On the Prop2, there is a special signal that goes to each pin, in addition to DIR and OUT, called ALT. It is used to send serial messages to configure the pin for special modes. Prop2 has a CFGPINS instruction which sends a serial bit stream to any number of I/O's on a given port via the ALT signals, using a 32-bit mask. We could get by with using the DIR signals, instead, for this purpose, since software (taking 2 clocks per instruction) could never cause such a rapid %010xxxxx_xxxxxxxx_xxxxxxxx_xxxxxxxx message to initiate. The state machine on the pin would configure itself according to the message and operate accordingly. The DIR pin would be held high to keep the pin in the special mode. The OUT signal would then be a live input to the configured pin. Pins could send messages back via the IN signals. A simple shifter in each cog could receive a message from any pin, shifted back at the clock rate. If DIR were to go low, the pin would revert back to normal mode. This way, cogs that configure pins, but then shut down, release the pins they put into special modes.
What stuff can we make the pin state machines do? Once configured, we have OUT going to the pin and IN coming back from the pin.
How about making a simple, flexible state machine that is built onto each pin? It could do PWM, duty modulation, frequency measurement, state timing, ADC accumulation, even A/B encoding between two pins. It could be a UART, as well!
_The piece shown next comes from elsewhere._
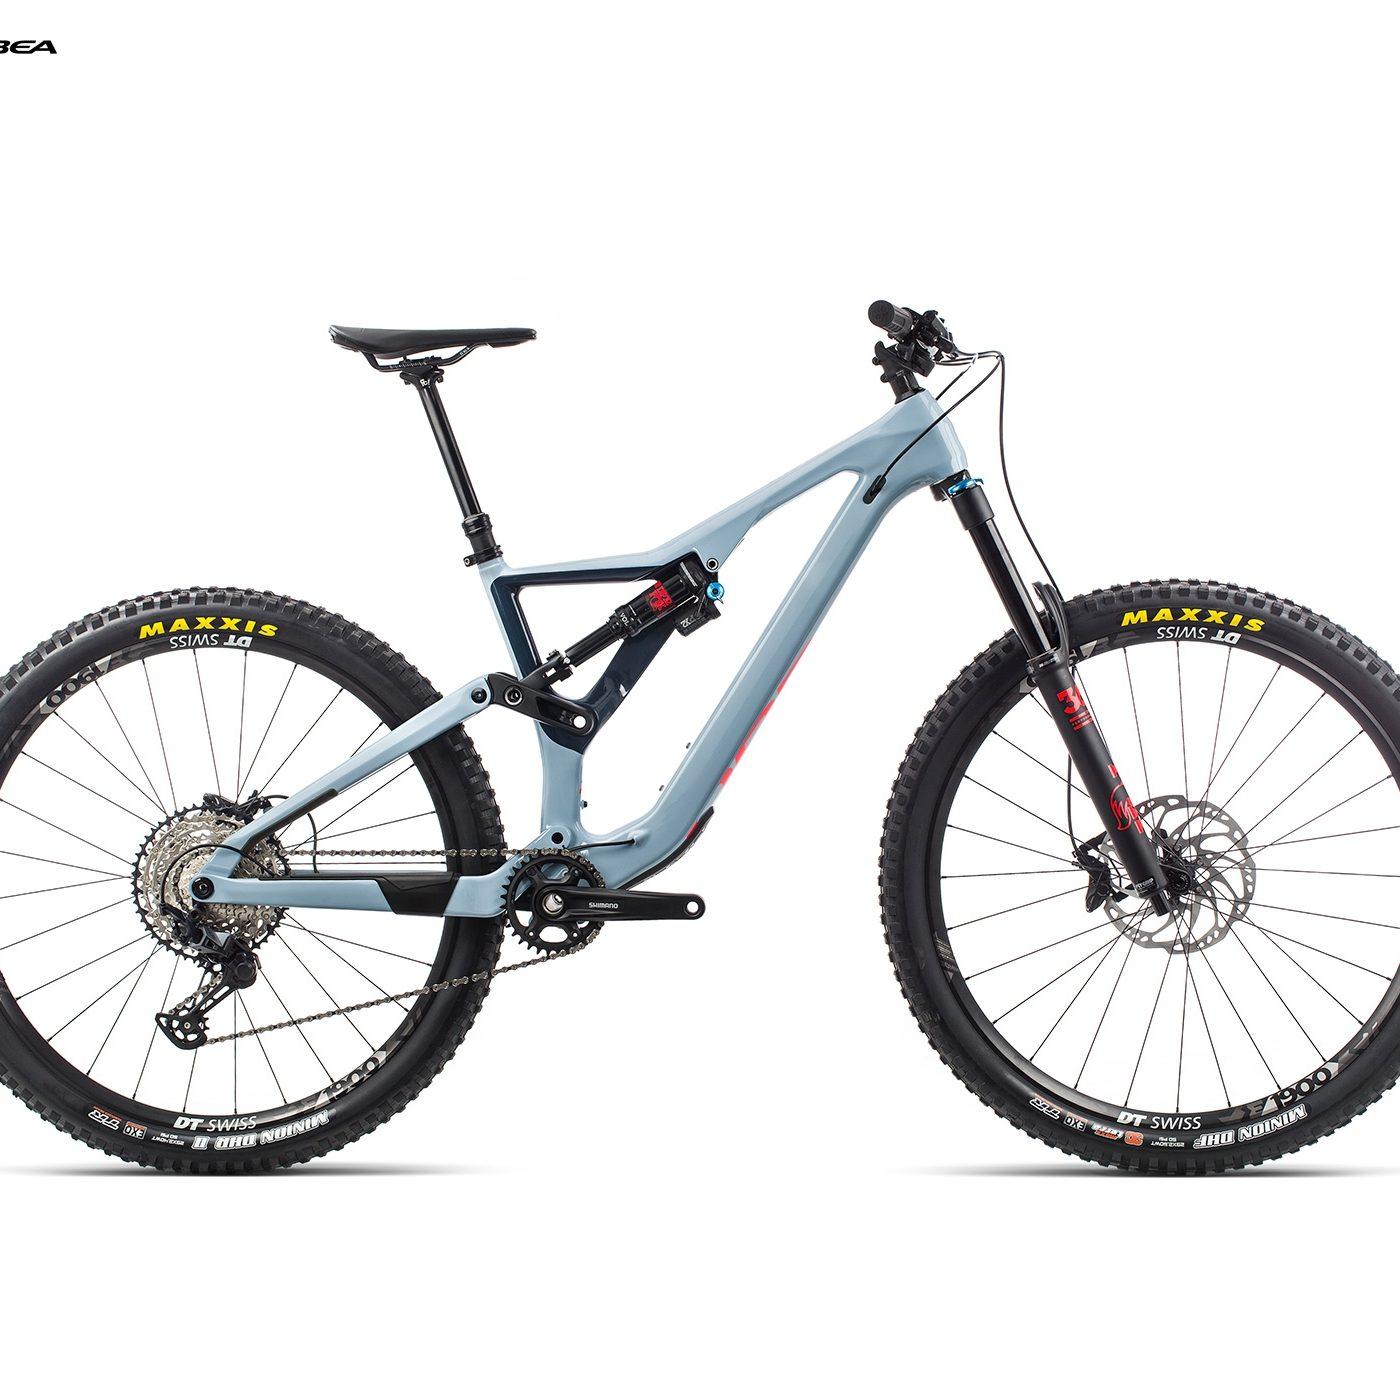 ORBEA RALLON M20 - BLAUW GRIJS / BRIGHT RED (GLOSS) @G-Bikes
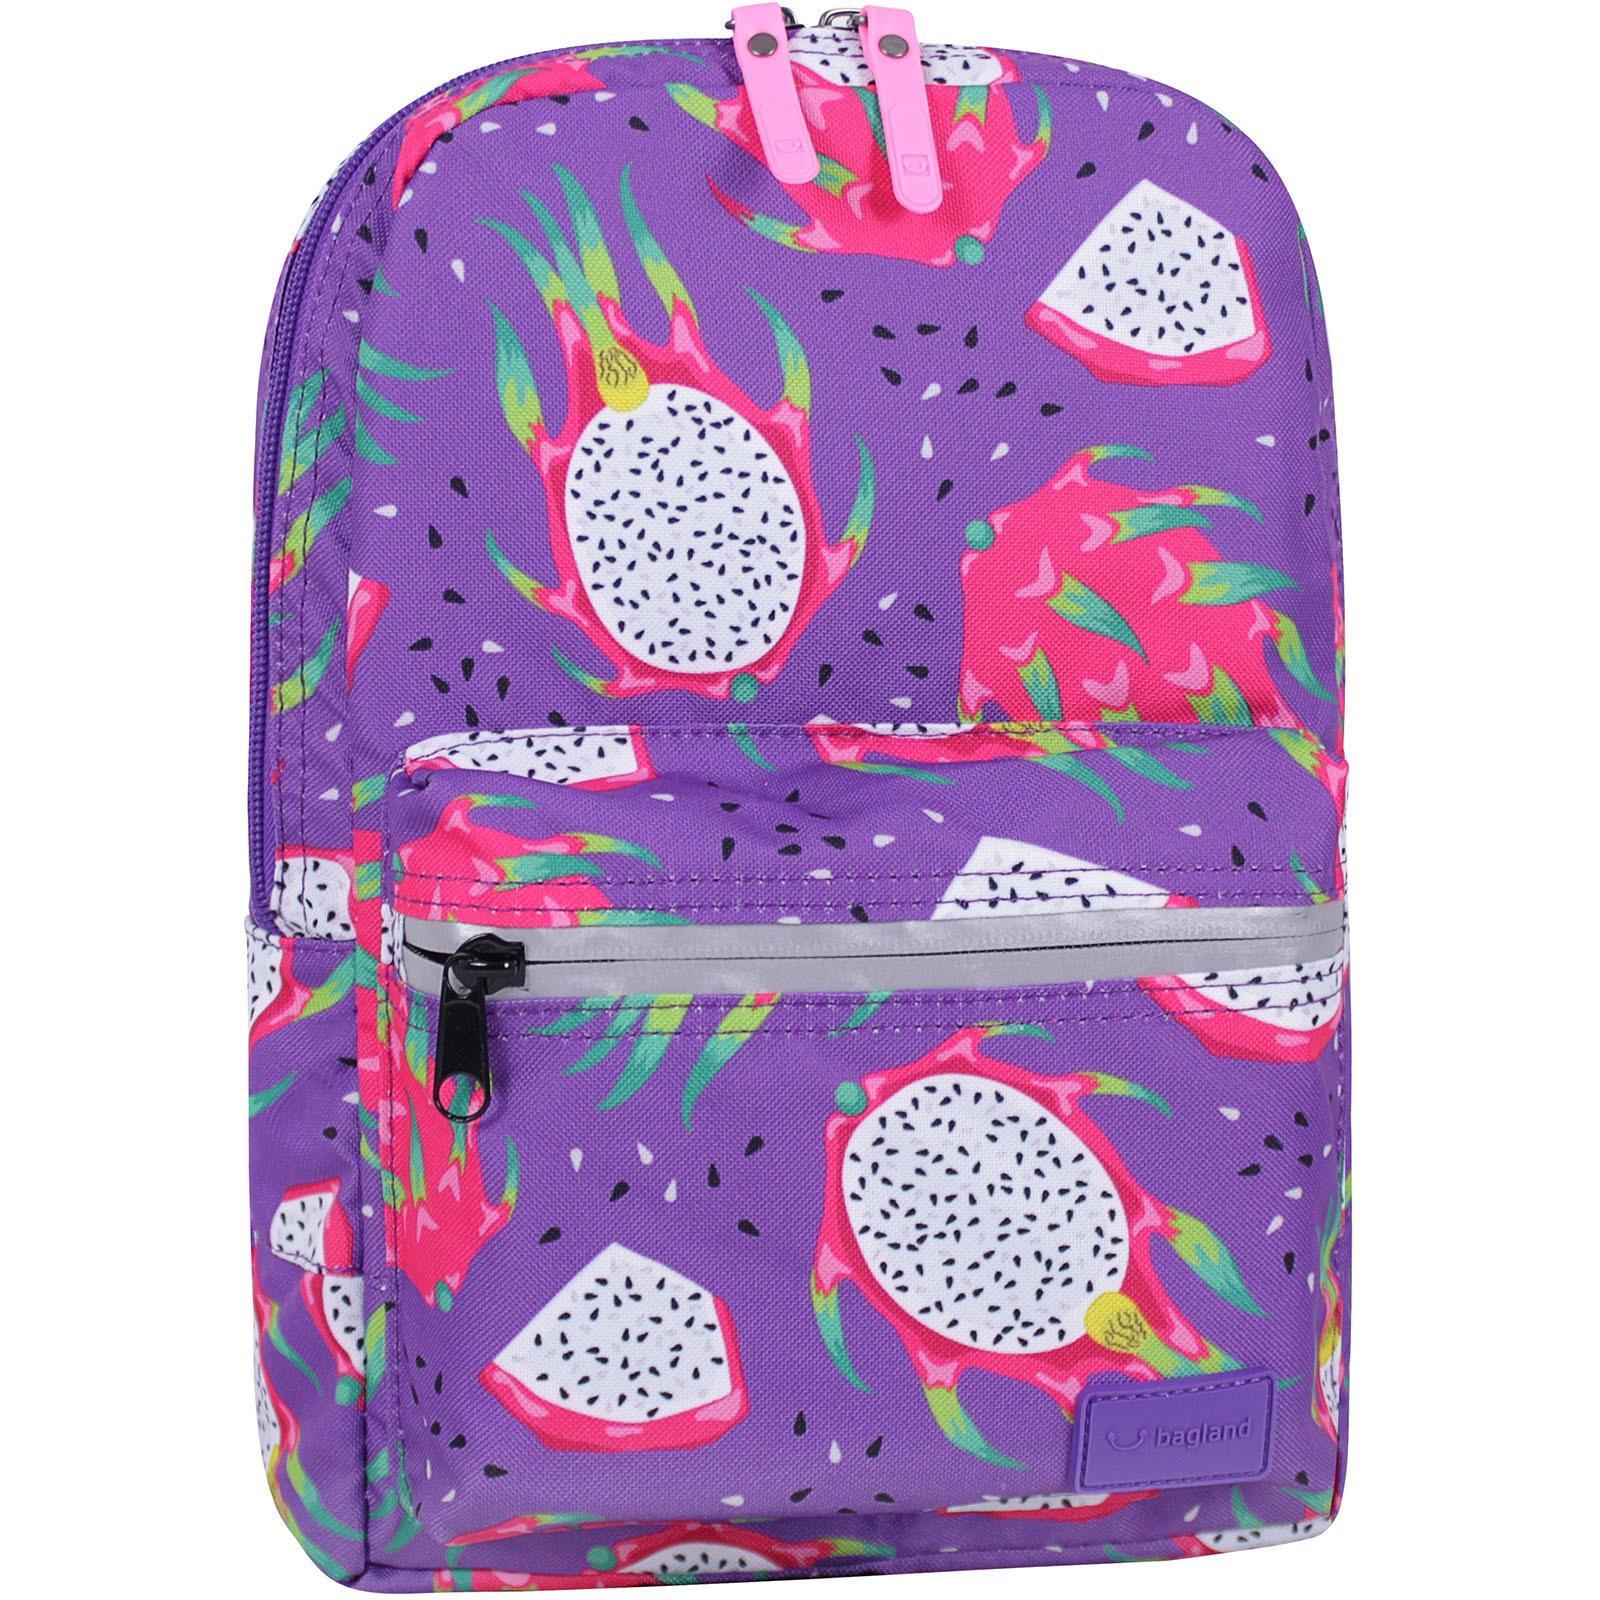 Молодежные рюкзаки Рюкзак Bagland Молодежный mini 8 л. сублимация 759 (00508664) IMG_1844суб.759.JPG

On the Prop2, there is a special signal that goes to each pin, in addition to DIR and OUT, called ALT. It is used to send serial messages to configure the pin for special modes. Prop2 has a CFGPINS instruction which sends a serial bit stream to any number of I/O's on a given port via the ALT signals, using a 32-bit mask. We could get by with using the DIR signals, instead, for this purpose, since software (taking 2 clocks per instruction) could never cause such a rapid %010xxxxx_xxxxxxxx_xxxxxxxx_xxxxxxxx message to initiate. The state machine on the pin would configure itself according to the message and operate accordingly. The DIR pin would be held high to keep the pin in the special mode. The OUT signal would then be a live input to the configured pin. Pins could send messages back via the IN signals. A simple shifter in each cog could receive a message from any pin, shifted back at the clock rate. If DIR were to go low, the pin would revert back to normal mode. This way, cogs that configure pins, but then shut down, release the pins they put into special modes.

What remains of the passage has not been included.